PT Bank Rakyat Indonesia (Persero) Tbk (BBRI) kembali memperkuat komitmennya terhadap pembiayaan berkelanjutan dengan menerbitkan Obligasi Berwawasan Sosial Berkelanjutan I Tahap II Tahun 2026 senilai Rp5 triliun. Penerbitan ini merupakan kelanjutan dari program Penawaran Umum Berkelanjutan (PUB) yang menargetkan penghimpunan dana sebesar Rp20 triliun secara keseluruhan.
Langkah ini menyusul suksesnya penerbitan Obligasi Berwawasan Sosial Tahap I Tahun 2025 senilai Rp5 triliun pada Juni 2025 lalu, yang mencatatkan kelebihan permintaan (oversubscription) hingga 1,31 kali atau setara Rp6,57 triliun. Dengan demikian, BRI tercatat sebagai bank pertama di Indonesia yang menerbitkan instrumen obligasi sosial.
Obligasi Berwawasan Sosial Tahap II Tahun 2026 ini terbagi dalam tiga seri dengan rincian sebagai berikut:
- Seri A: Senilai Rp1,236 triliun dengan bunga tetap 4,85% per tahun dan tenor 370 hari, jatuh tempo pada 27 Maret 2027.
- Seri B: Senilai Rp2,666 triliun dengan bunga tetap 5,70% per tahun dan tenor tiga tahun, jatuh tempo pada 17 Maret 2029.
- Seri C: Senilai Rp1,097 triliun dengan bunga tetap 5,95% per tahun dan tenor lima tahun, jatuh tempo pada 17 Maret 2031.
Pembayaran bunga obligasi akan dilakukan setiap triwulan.

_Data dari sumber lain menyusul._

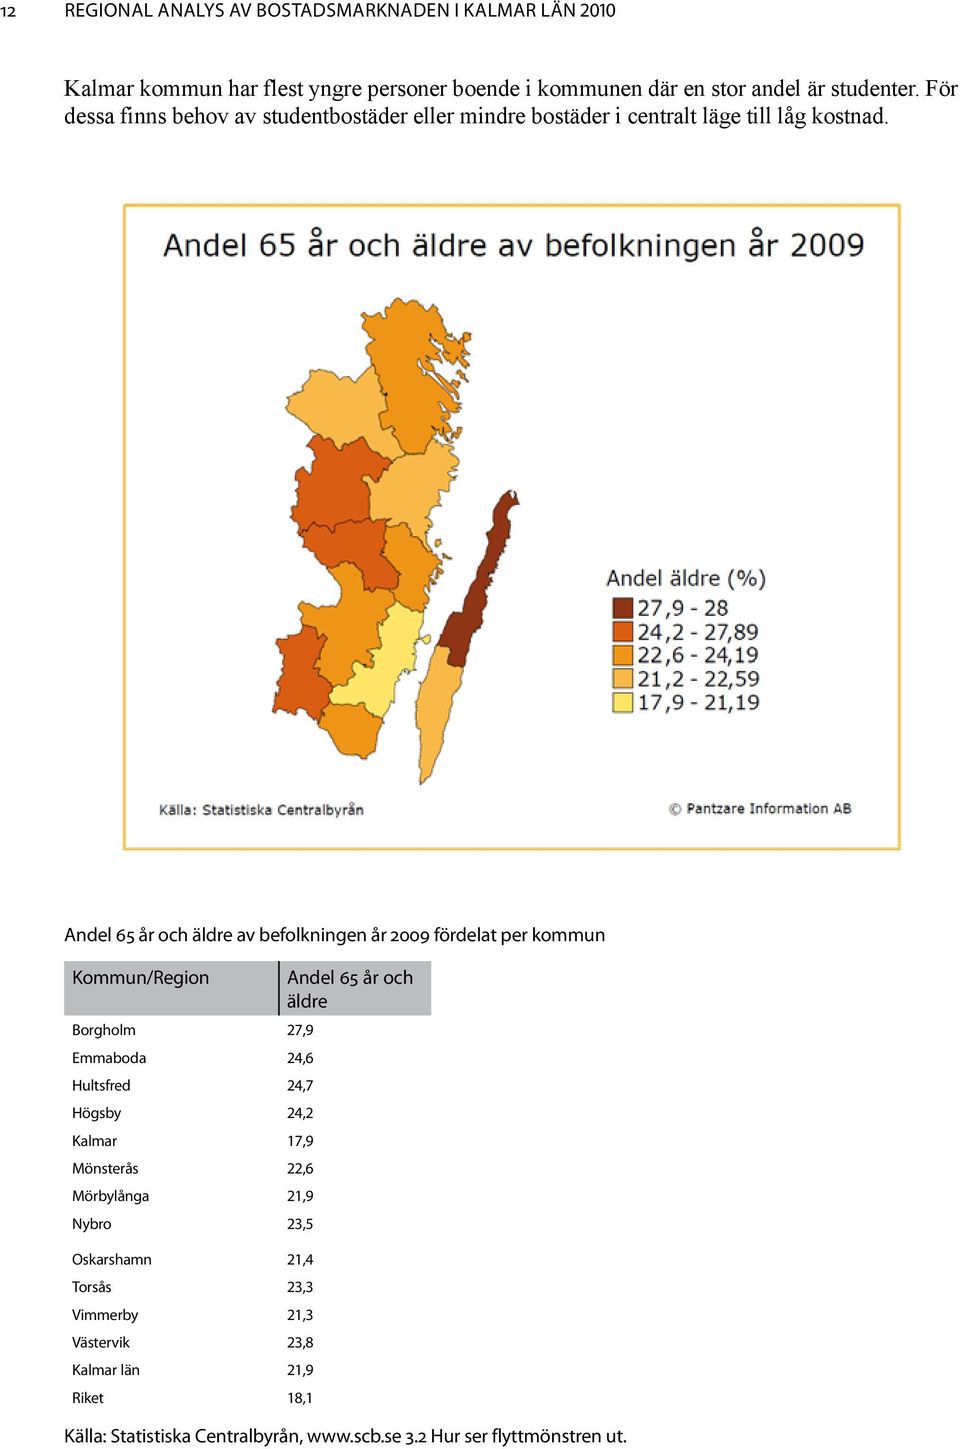 Andel 65 år och äldre av befolkningen år 2009 fördelat per kommun Kommun/Region Andel 65 år och äldre Borgholm 27,9 Emmaboda 24,6 Hultsfred 24,7 Högsby

Obligasi ini juga telah memperoleh peringkat idAAA (Triple A) dari PT Pemeringkat Efek Indonesia (Pefindo), yang menunjukkan kemampuan superior perseroan dalam memenuhi kewajiban keuangannya dan berlaku hingga 1 September 2026.
Dana yang berhasil dihimpun dari penerbitan obligasi ini, setelah dikurangi biaya emisi, akan dialokasikan secara eksklusif untuk pembiayaan dan/atau pembiayaan kembali proyek-proyek sosial. Sekitar 50% dari dana tersebut akan difokuskan pada penciptaan lapangan kerja, termasuk pembiayaan usaha mikro, kecil, dan menengah (UMKM). Sisa dana akan digunakan untuk peningkatan dan pemberdayaan sosial-ekonomi masyarakat.
Direktur Utama BRI, Hery Gunardi, menjelaskan bahwa keputusan bank untuk menerbitkan Obligasi Sosial didasari oleh ketersediaan instrumen sekuritas yang berfokus pada aspek sosial yang masih terbatas di Indonesia. “Ini juga berfungsi sebagai bukti konkret komitmen BRI dalam menjaga pembiayaan yang berorientasi ESG,” ujar Hery. Ia menambahkan, penerbitan ini juga sejalan dengan strategi bank untuk memperkuat struktur pendanaan melalui diversifikasi sumber pendanaan berbasis grosir dan memperluas akses ke pasar modal yang lebih kompetitif dan berkelanjutan.
Dalam aksi korporasi ini, BRI menunjuk sejumlah penjamin pelaksana emisi terkemuka, antara lain PT BRI Danareksa Sekuritas, PT CIMB Niaga Sekuritas, PT DBS Vickers Sekuritas Indonesia, PT Indo Premier Sekuritas, PT Mandiri Sekuritas, PT Mega Capital Sekuritas, dan PT Trimegah Sekuritas Indonesia Tbk. Adapun PT Bank Tabungan Negara (Persero) Tbk ditunjuk sebagai wali amanat.
Komitmen BRI terhadap aspek Lingkungan, Sosial, dan Tata Kelola (ESG) telah terbukti dengan menjadi pelopor dalam perbankan berkelanjutan di Indonesia. Portofolio pinjaman ESG BRI mencapai Rp732,3 triliun atau setara 67,2% dari total pinjaman BRI per Desember 2022. Selain obligasi sosial, BRI juga telah menerbitkan Green Bonds senilai Rp5 triliun pada tahun 2022 dan Rp6 triliun pada tahun 2023.